Britain's Ethnic Minorities Are Being Left for Dead
The government could have predicted, and perhaps prevented, many deaths. It did not.
By Sonia Faleiro
Ms. Faleiro is a journalist.
May 22, 2020, 1:00 a.m. ET
LONDON In early April, Maruthalingam Thiyakumar, a 58-year-old employee of the corner shop in my neighborhood in South London, died from the coronavirus.
While some of my neighbors and I were able to follow Prime Minister Boris Johnsons injunction to stay at home and save lives, Mr. Thiyakumar continued to provide toilet paper and tea bags to the anxious customers who crowded the tiny shop where he had worked for 20 years. The government had designated him a key worker but failed to give him personal protective equipment. He was exposed to a deadly virus and left to fend for himself.
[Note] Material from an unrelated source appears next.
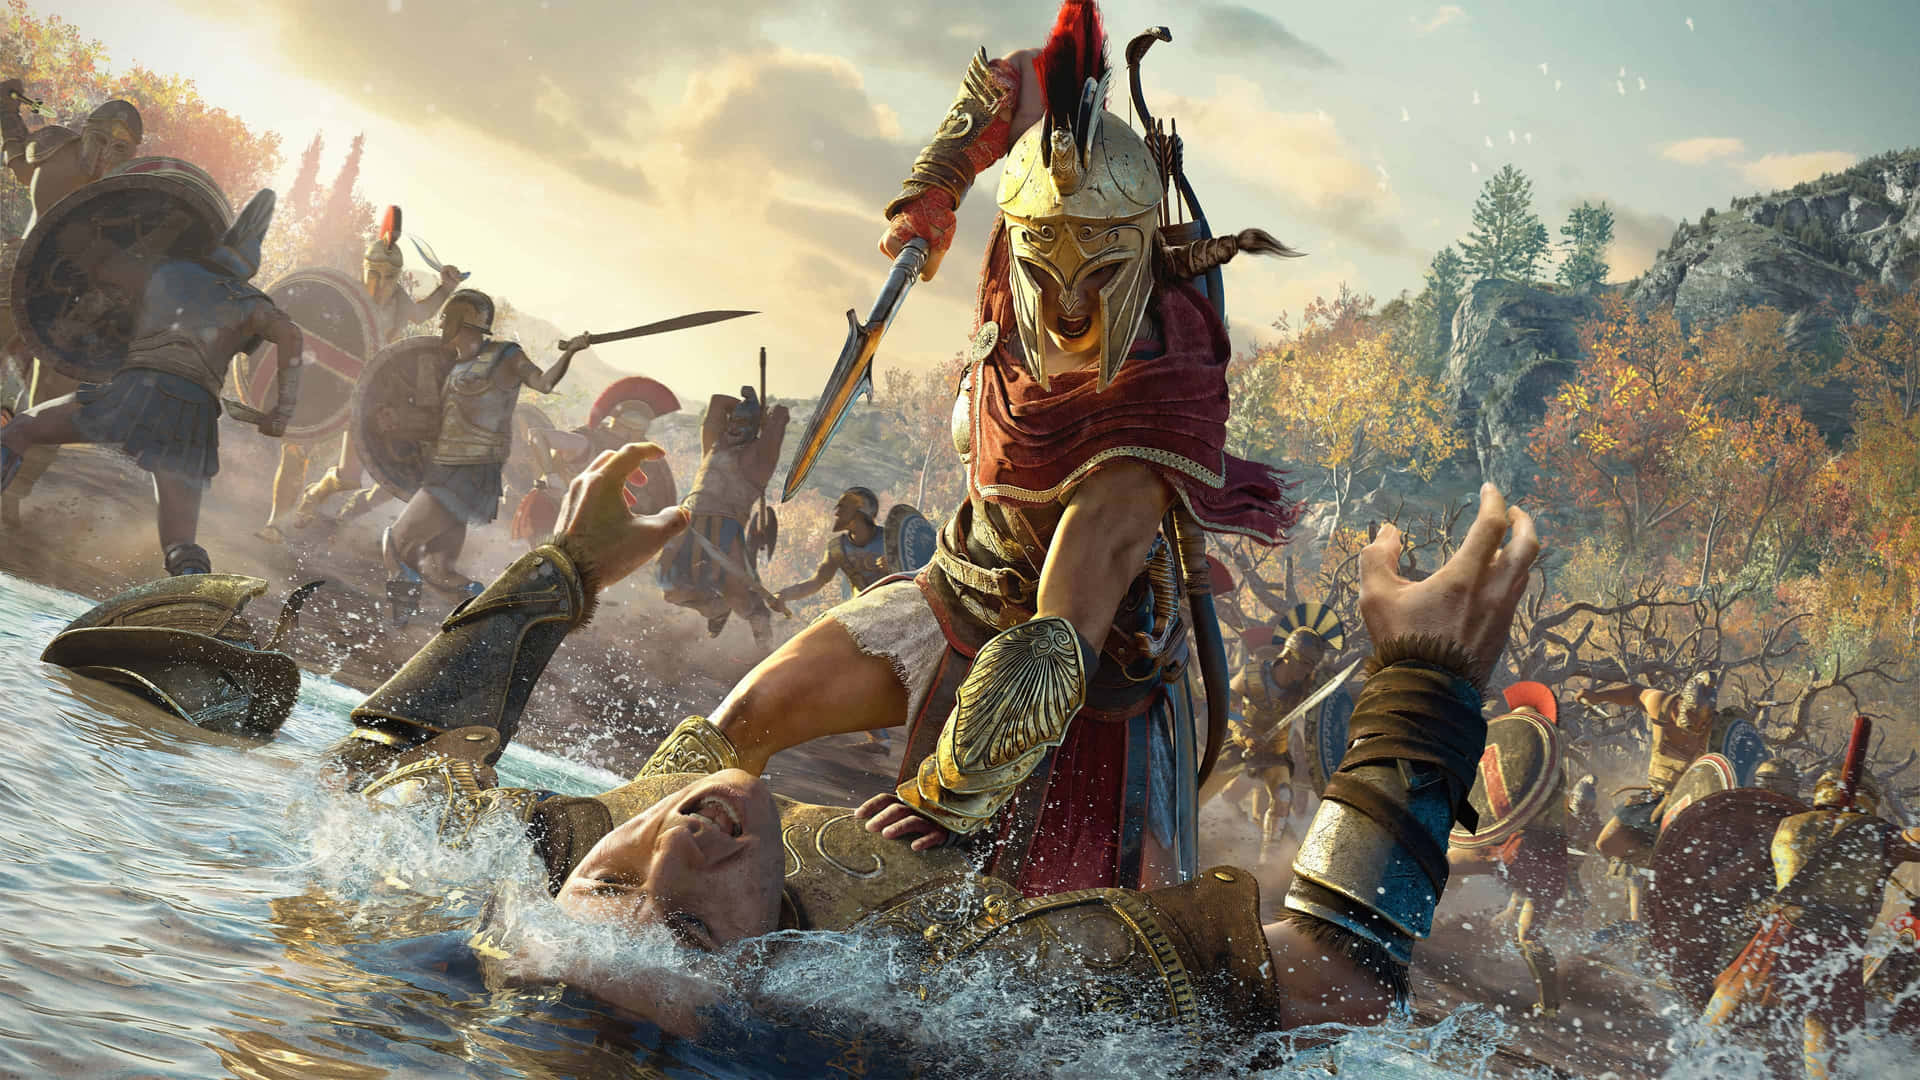 Tauchensie In Das Abenteuer Ein Mit 4k Assassin's Creed Odyssey.

Mr. Thiyakumars fate is tragic and typical. The pandemic may affect us all, but its effects are not equal. In Britain, which has the highest death toll from the coronavirus after the United States, they are unfolding to reveal a gross inequality. As in America, ethnic minorities exposed at work and subject to social neglect are disproportionately falling victim. And the government is doing little to stop it.
The ethnic divides in the data are stark. In England and Wales, according to a recent report, black people are nearly twice as likely to die of the coronavirus as white people, while Indians, Bangladeshis and Pakistanis are also at a significantly higher risk. Thirty-three percent of critically ill coronavirus patients are from ethnic minorities, another study found. Given that ethnic minorities make up only 19.5 percent of the population and are on average younger than white Britons, the figures are damning.